Desktop behaviour is completely unchanged. iOS gets a minimal WRY-based
Tauri builder with tauri-plugin-barcode-scanner registered (needed for
Layer 5 QR pairing UI). A TODO(Layer 6) marker is left for
tauri-plugin-ptt.
Modules gated as desktop-only (not(target_os = "ios")):
cdp, cef_preflight, cef_profile, core_process, core_rpc,
dictation_hotkeys, discord_scanner, fake_camera, file_logging,
gmessages_scanner, imessage_scanner, mascot_native_window,
meet_audio, meet_call, meet_scanner, meet_video, native_notifications,
notification_settings, process_kill, process_recovery, screen_capture,
slack_scanner, telegram_scanner, webview_accounts, webview_apis,
whatsapp_scanner, window_state
iOS-only: tauri-plugin-barcode-scanner
Shared (both platforms): app_quit
Other changes:
- app/src-tauri/Cargo.toml: [target.'cfg(target_os = "ios")'.dependencies]

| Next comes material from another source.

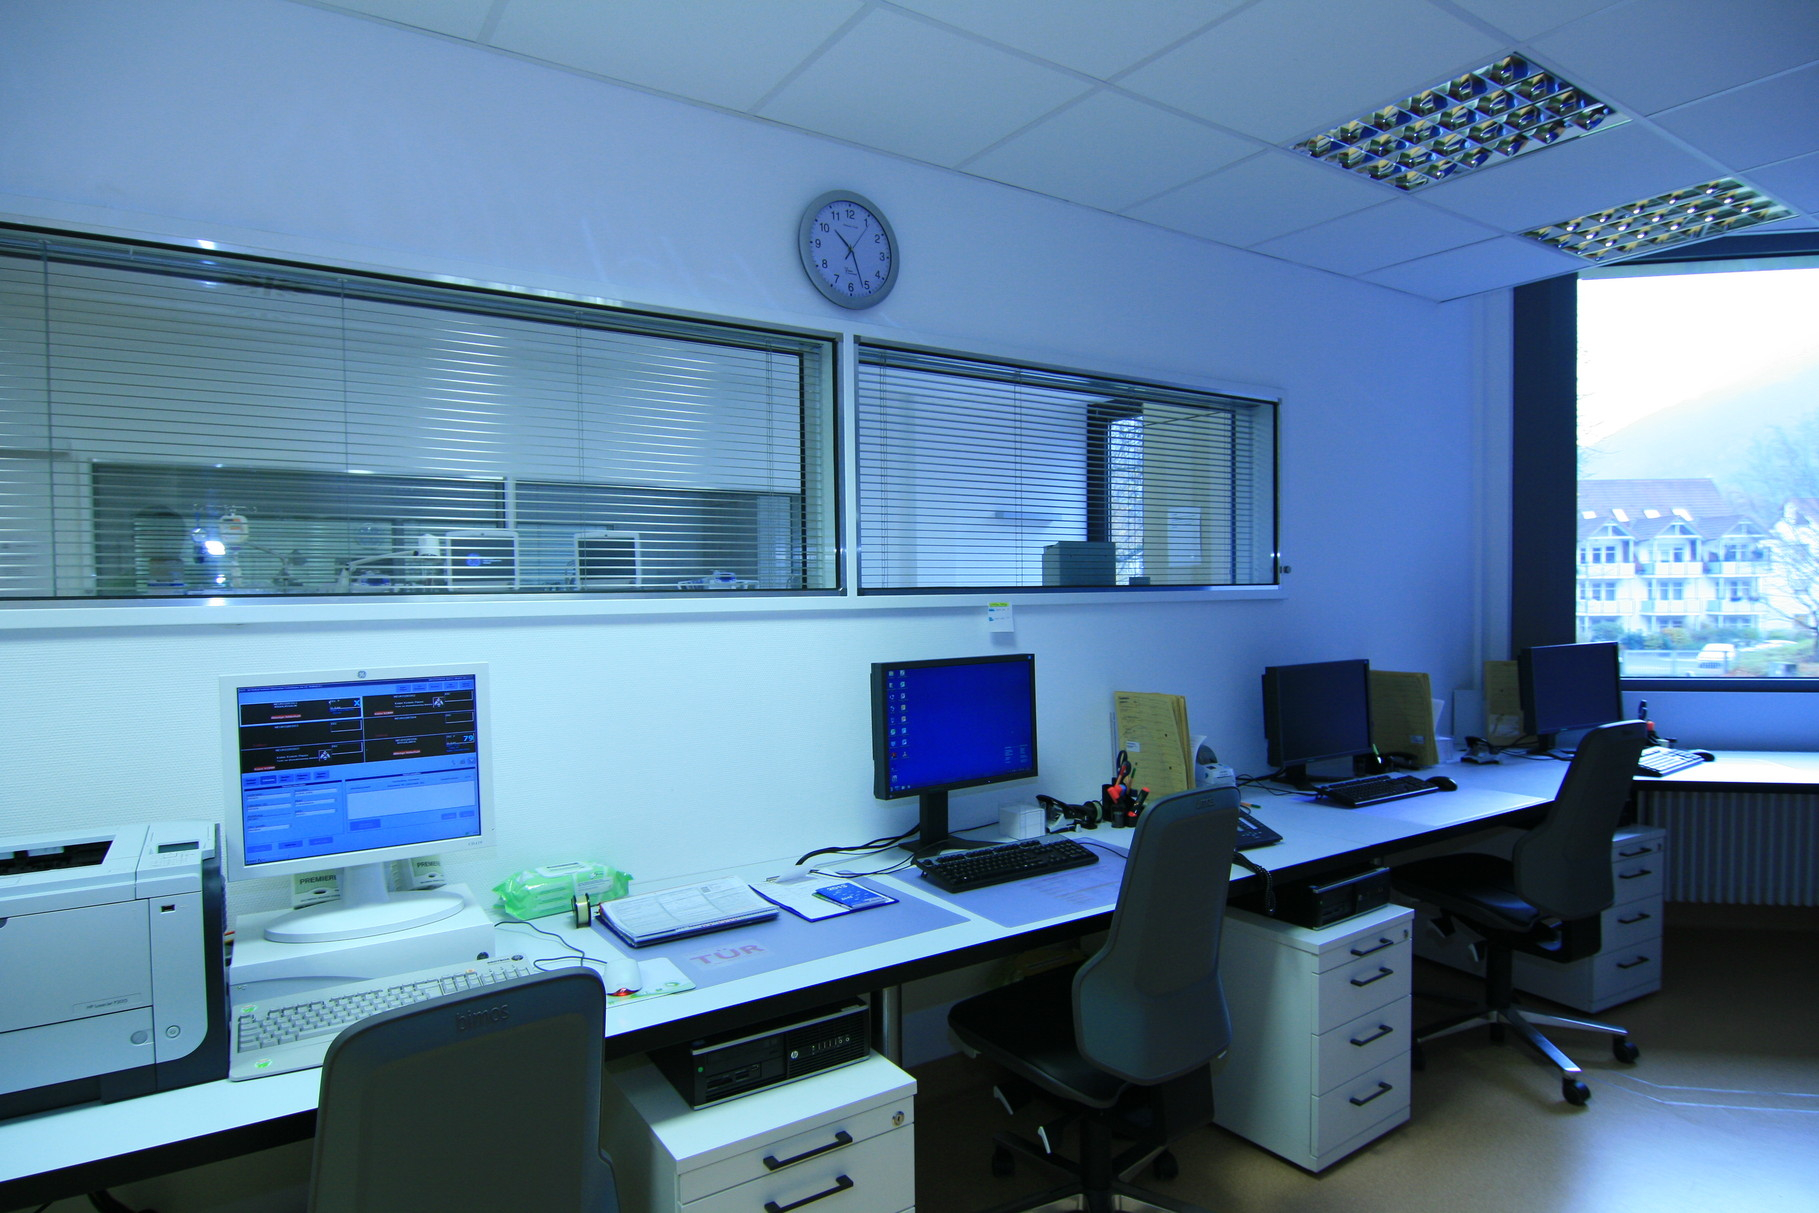 Bad Urach Reha Phase B - Dienstzimmer Überwachung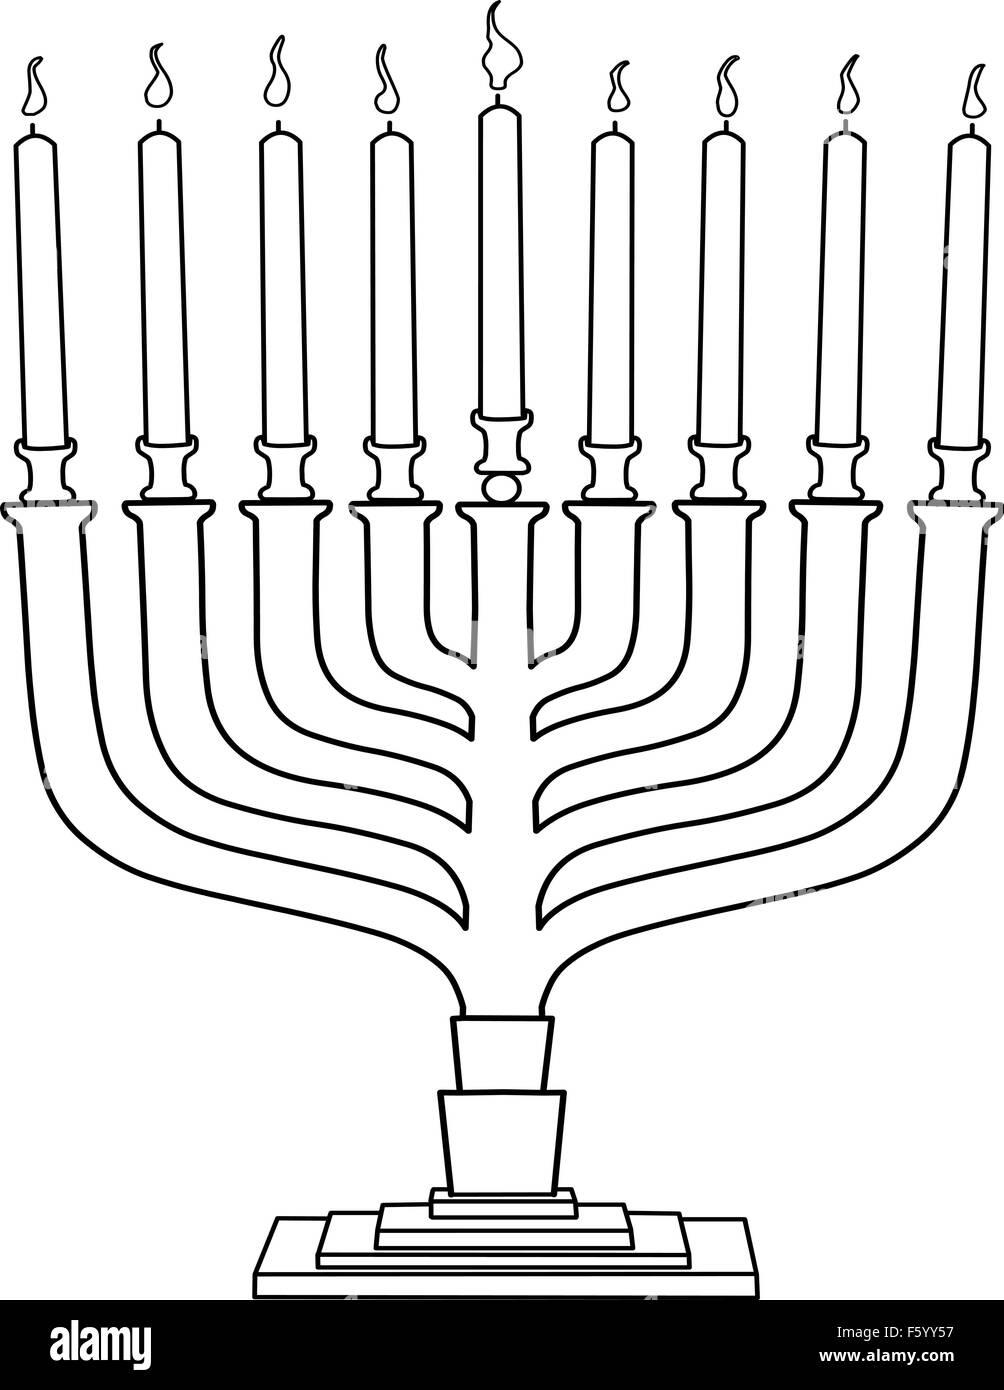 Vektor-Illustration Malvorlagen von Hanukkia mit Kerzen für des ...

with tauri-plugin-barcode-scanner = "2"
- app/src-tauri/capabilities/ios.json: new iOS capability file
- app/src-tauri/tauri.conf.json: add bundle.iOS block with frameworks +
minimumSystemVersion
- app/package.json: add tauri:ios:init / tauri:ios:dev / tauri:ios:build
scripts using stock @tauri-apps/cli (not the vendored CEF CLI)
- main.rs: gate the cef_entry_point macro to desktop; add plain fn main()
for iOS
Verification:
cargo check --manifest-path app/src-tauri/Cargo.toml → PASS
cargo check --manifest-path app/src-tauri/Cargo.toml
--target aarch64-apple-ios → fails only on
C build-script deps (aws-lc-sys, ring, objc2-exception-helper) that
require the iphoneos SDK — no errors from our Rust source files.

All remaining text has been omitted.